◆ **STORED DATA**
━━━━━━━━━━

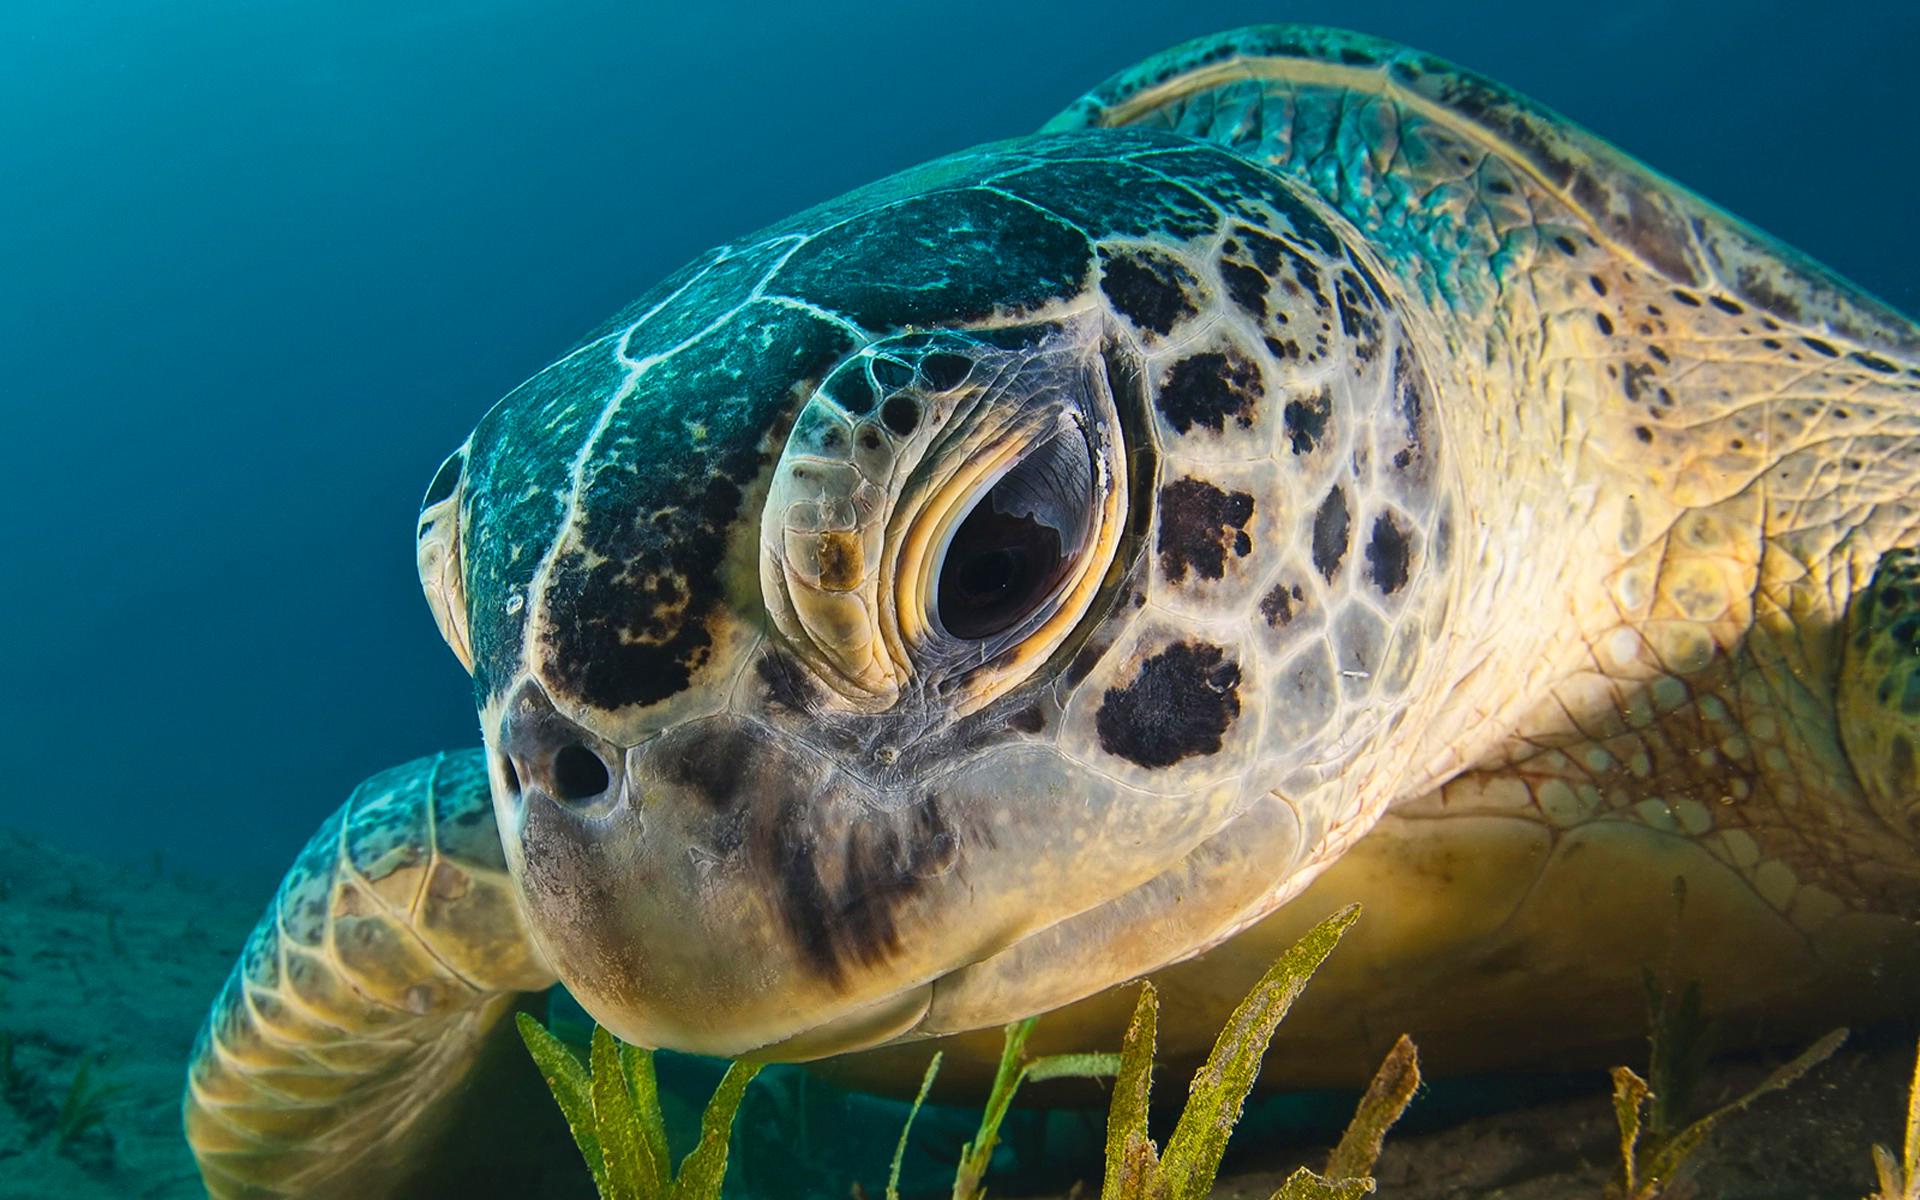 Sea Turtle Water Hd Desktop Wallpapers 4k Hd
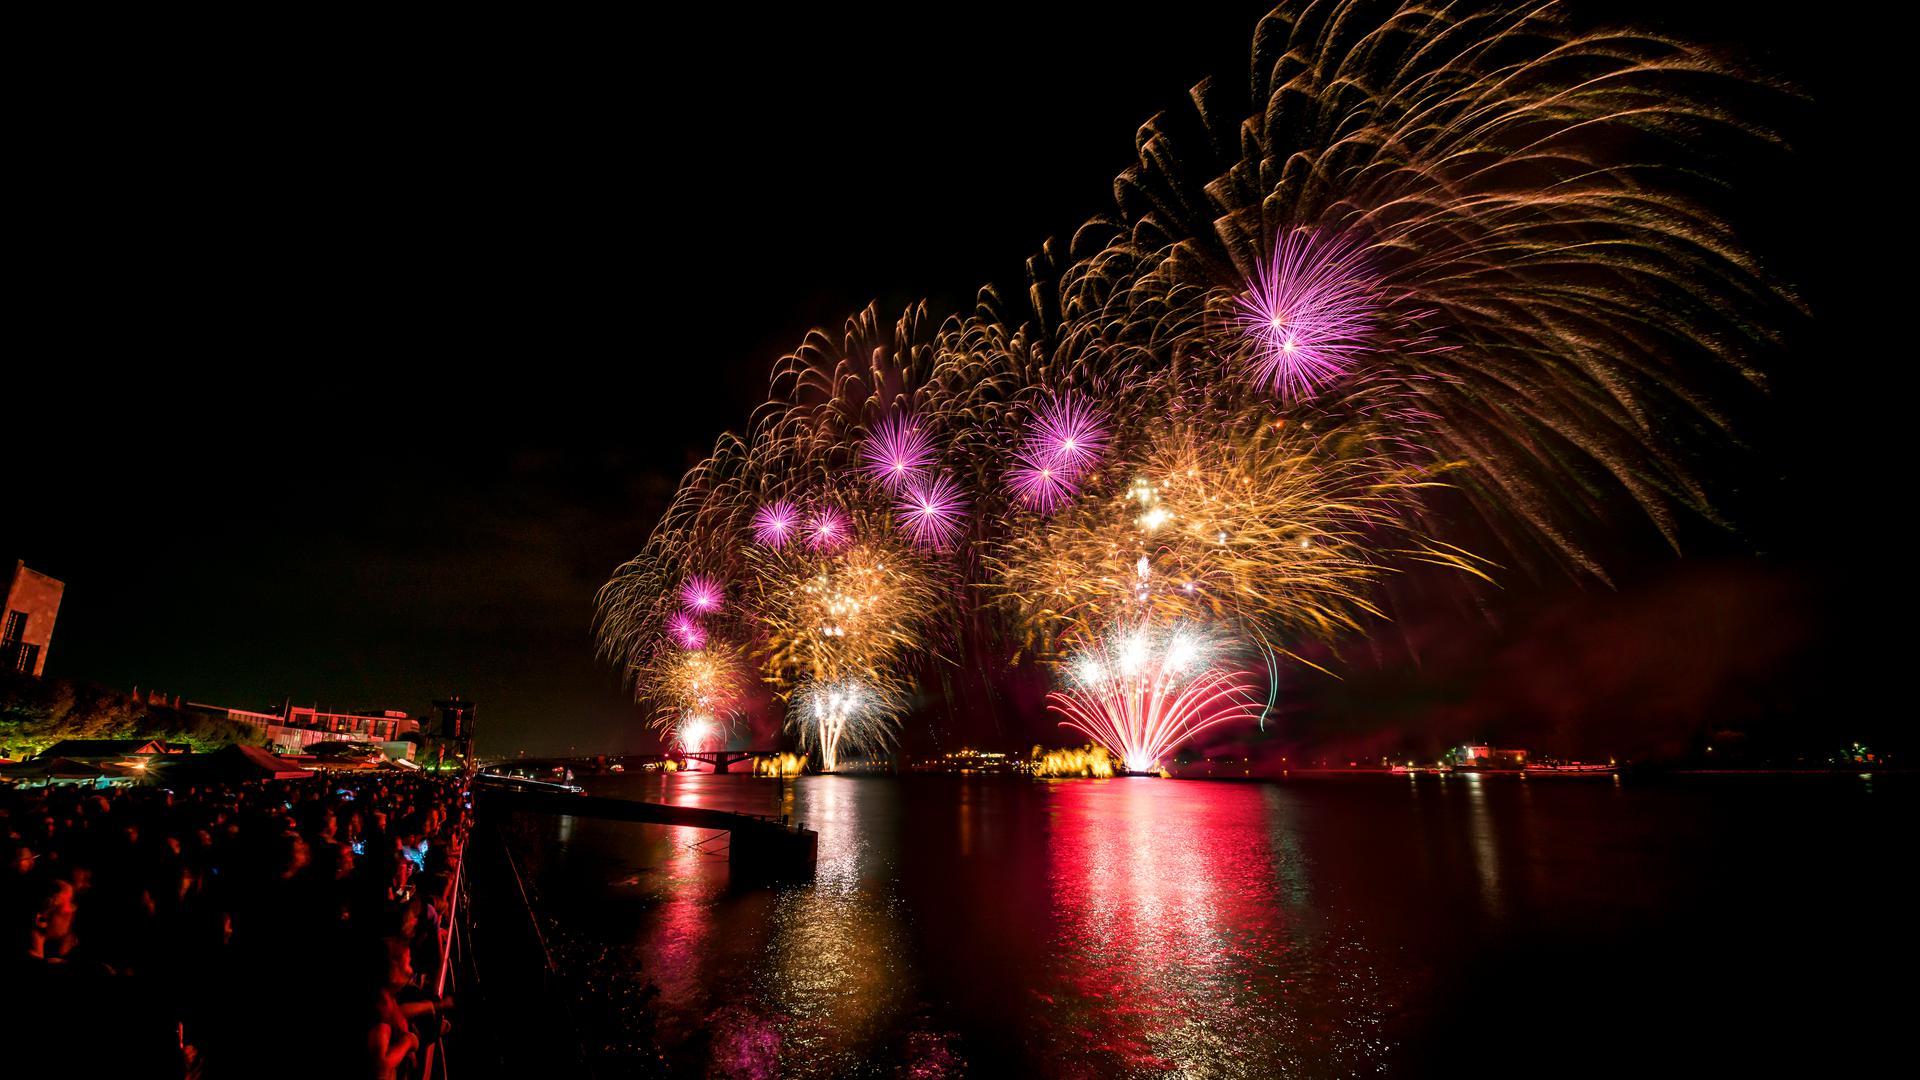 Menschen am Ufer des Rheins schauen bei Nacht auf ein spektakuläres Feuerwerk.
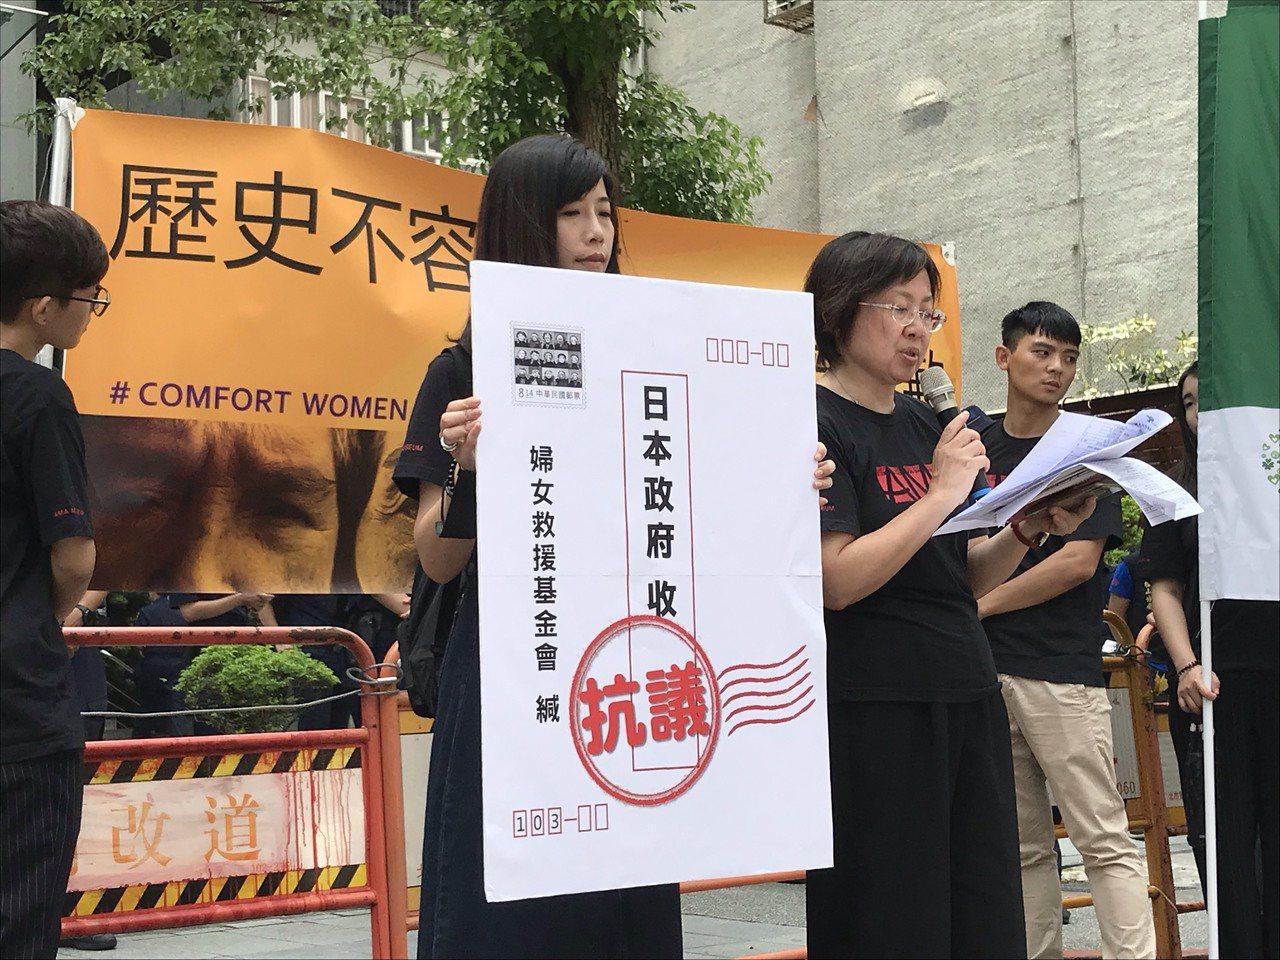 今天是國際慰安婦日,婦援會在日本交流協會抗議日本不對台灣慰安婦道歉。 記者潘乃欣...

━━━━━━━━━━

With the pictures left out, transcribe the material exactly.

◆ **SOLUTION TO THIS EXERCISE**
 Sea Turtle Water Hd Desktop Wallpapers 4k Hd
 Menschen am Ufer des Rheins schauen bei Nacht auf ein spektakuläres Feuerwerk.
 今天是國際慰安婦日,婦援會在日本交流協會抗議日本不對台灣慰安婦道歉。 記者潘乃欣...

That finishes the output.